> TASK GOAL: Exactly retype the lines below from the one containing "dad-hugging-his-daughter-after-dancing" through the end of the listing. Leave pictures out.
[DATA EXCERPT — start]
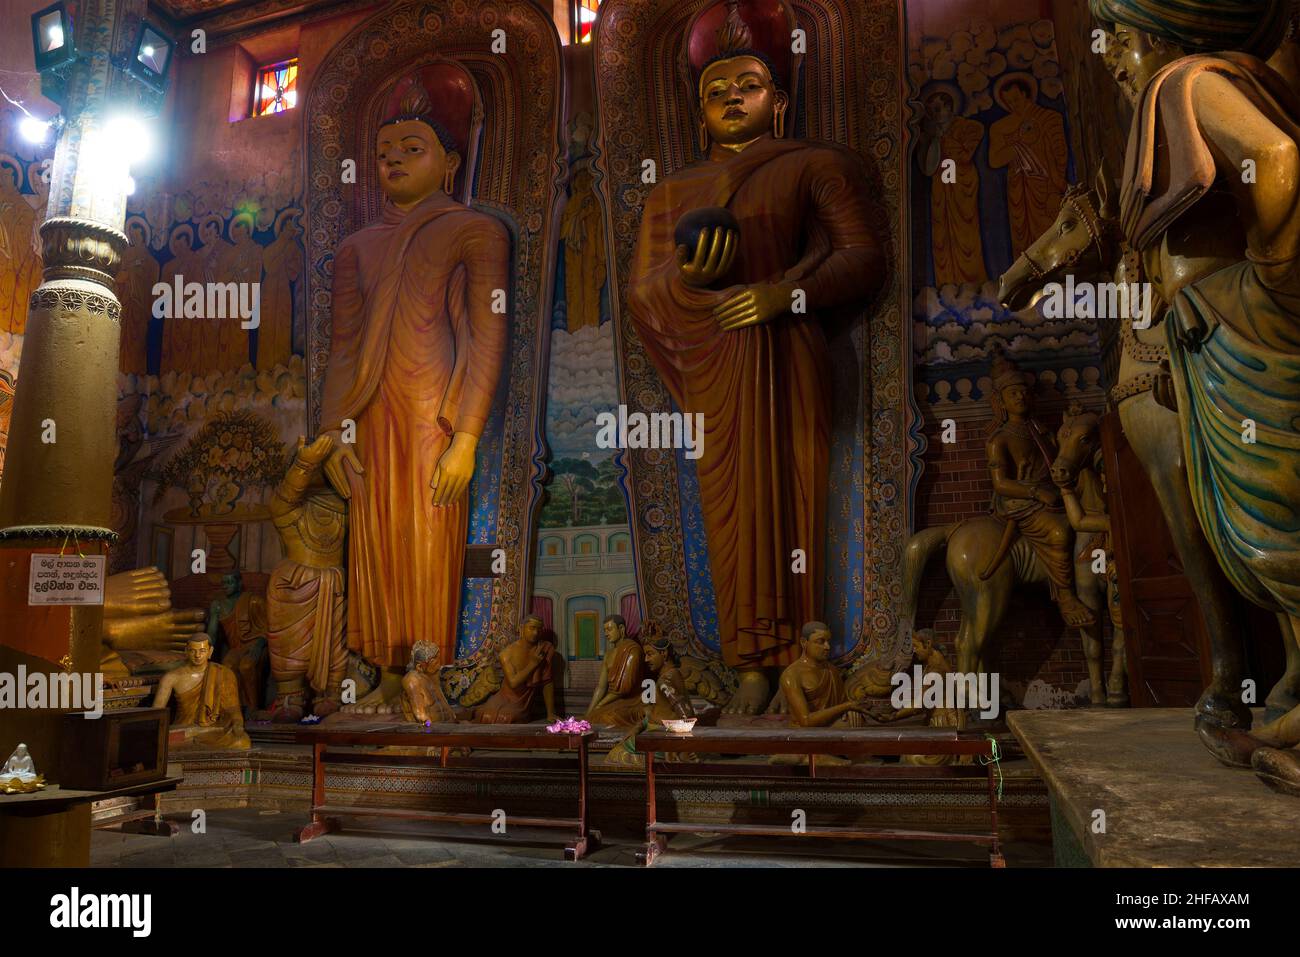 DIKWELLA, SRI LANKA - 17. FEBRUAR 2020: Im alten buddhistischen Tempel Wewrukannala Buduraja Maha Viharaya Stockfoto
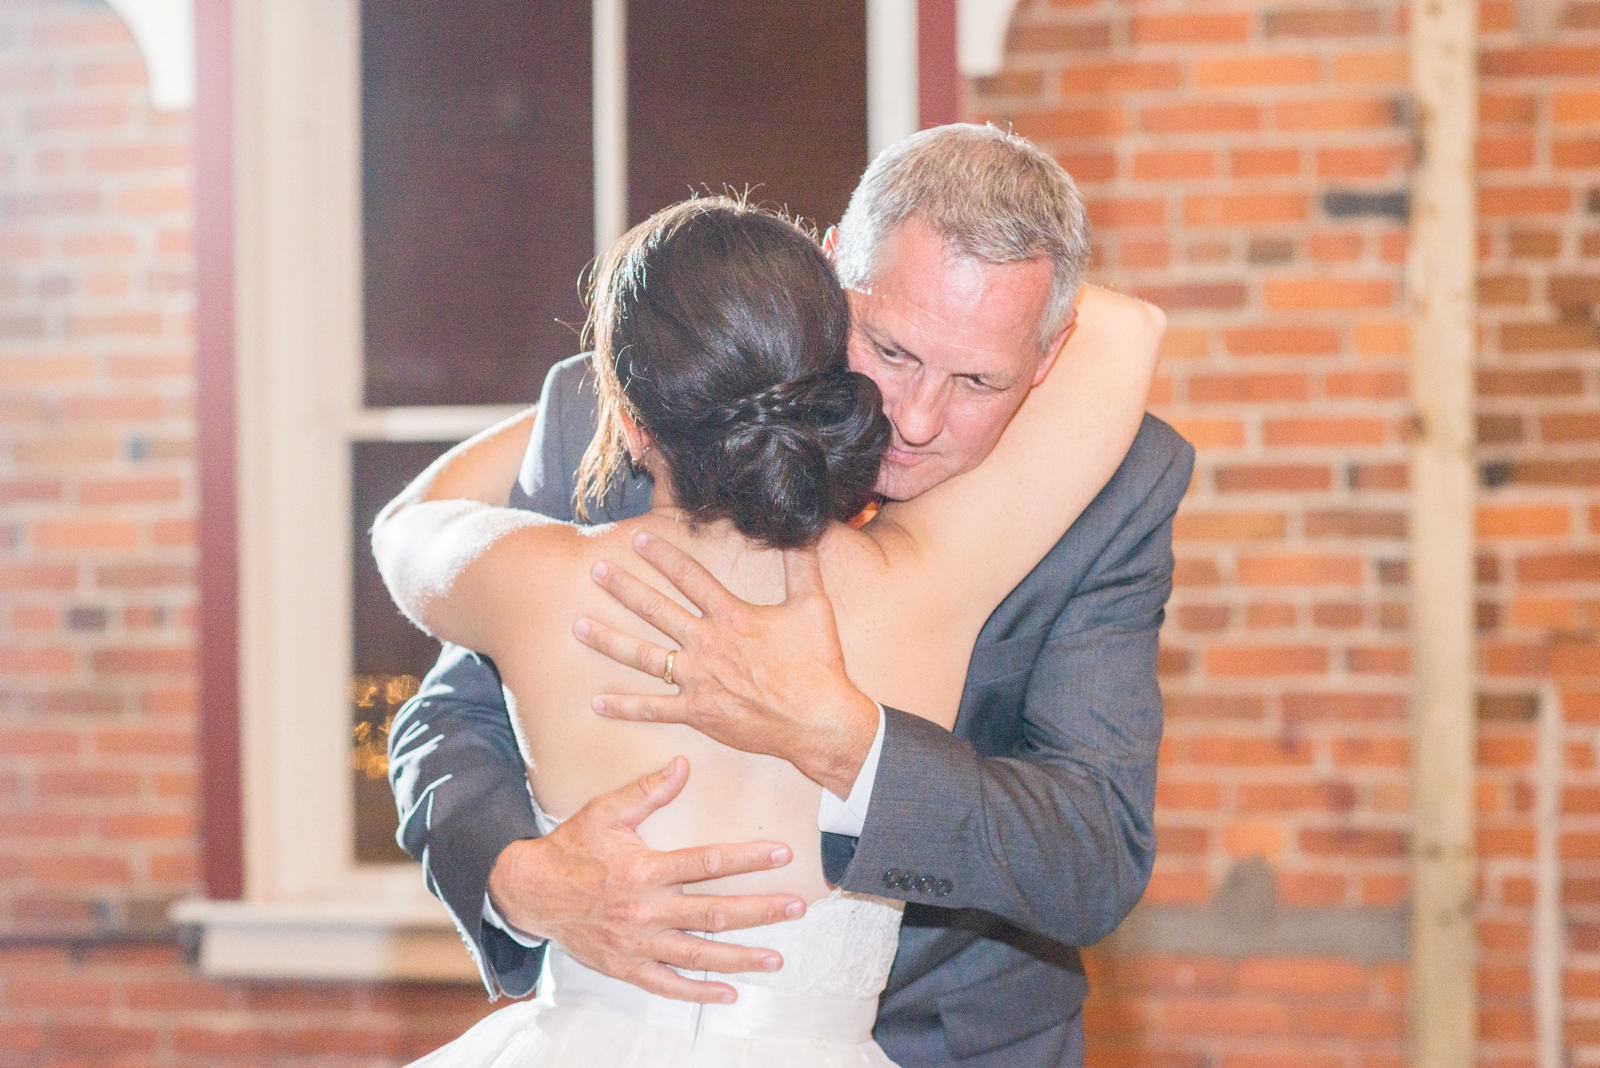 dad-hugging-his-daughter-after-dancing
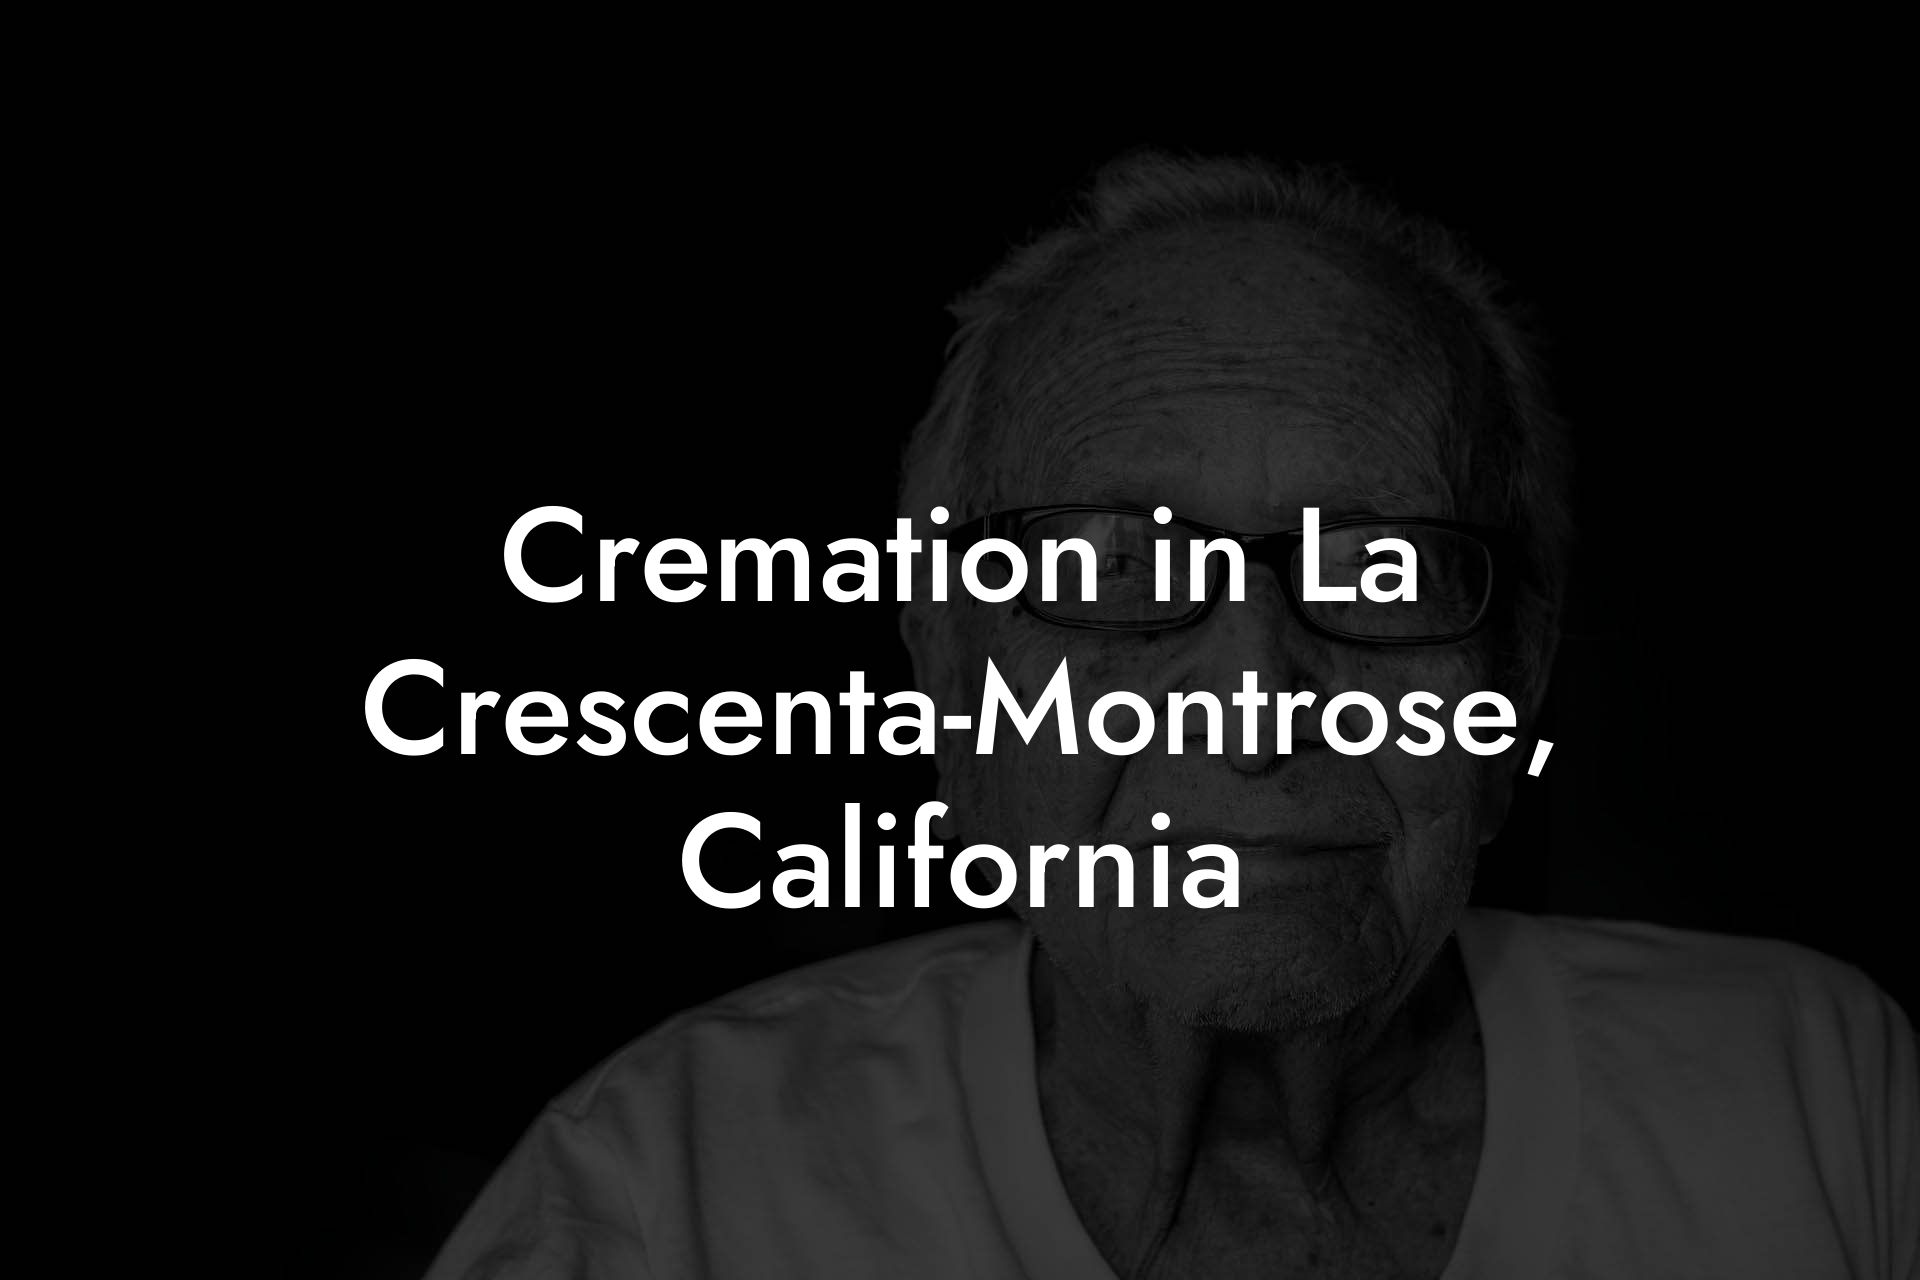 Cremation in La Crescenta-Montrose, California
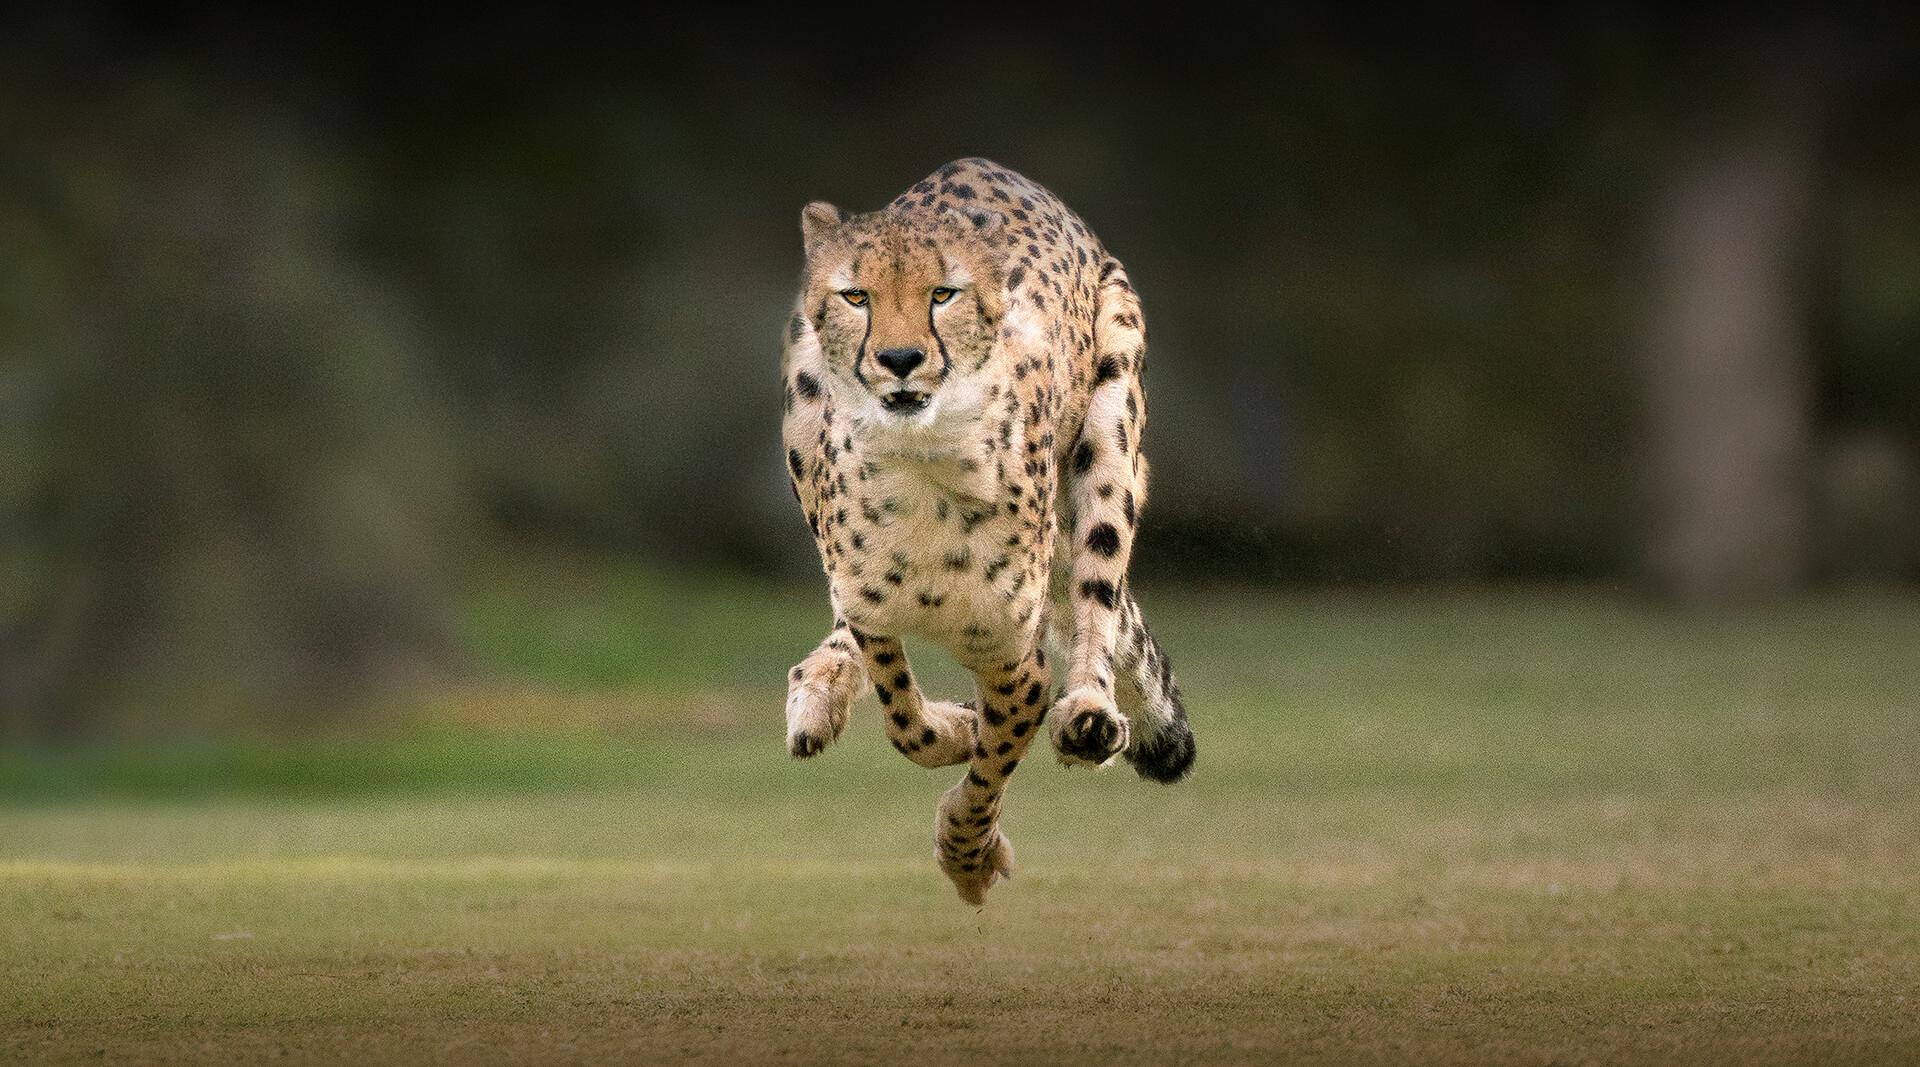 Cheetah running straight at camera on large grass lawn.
[DATA EXCERPT — finish]
> RESULT:
 dad-hugging-his-daughter-after-dancing
 Cremation in La Crescenta-Montrose, California
 Cheetah running straight at camera on large grass lawn.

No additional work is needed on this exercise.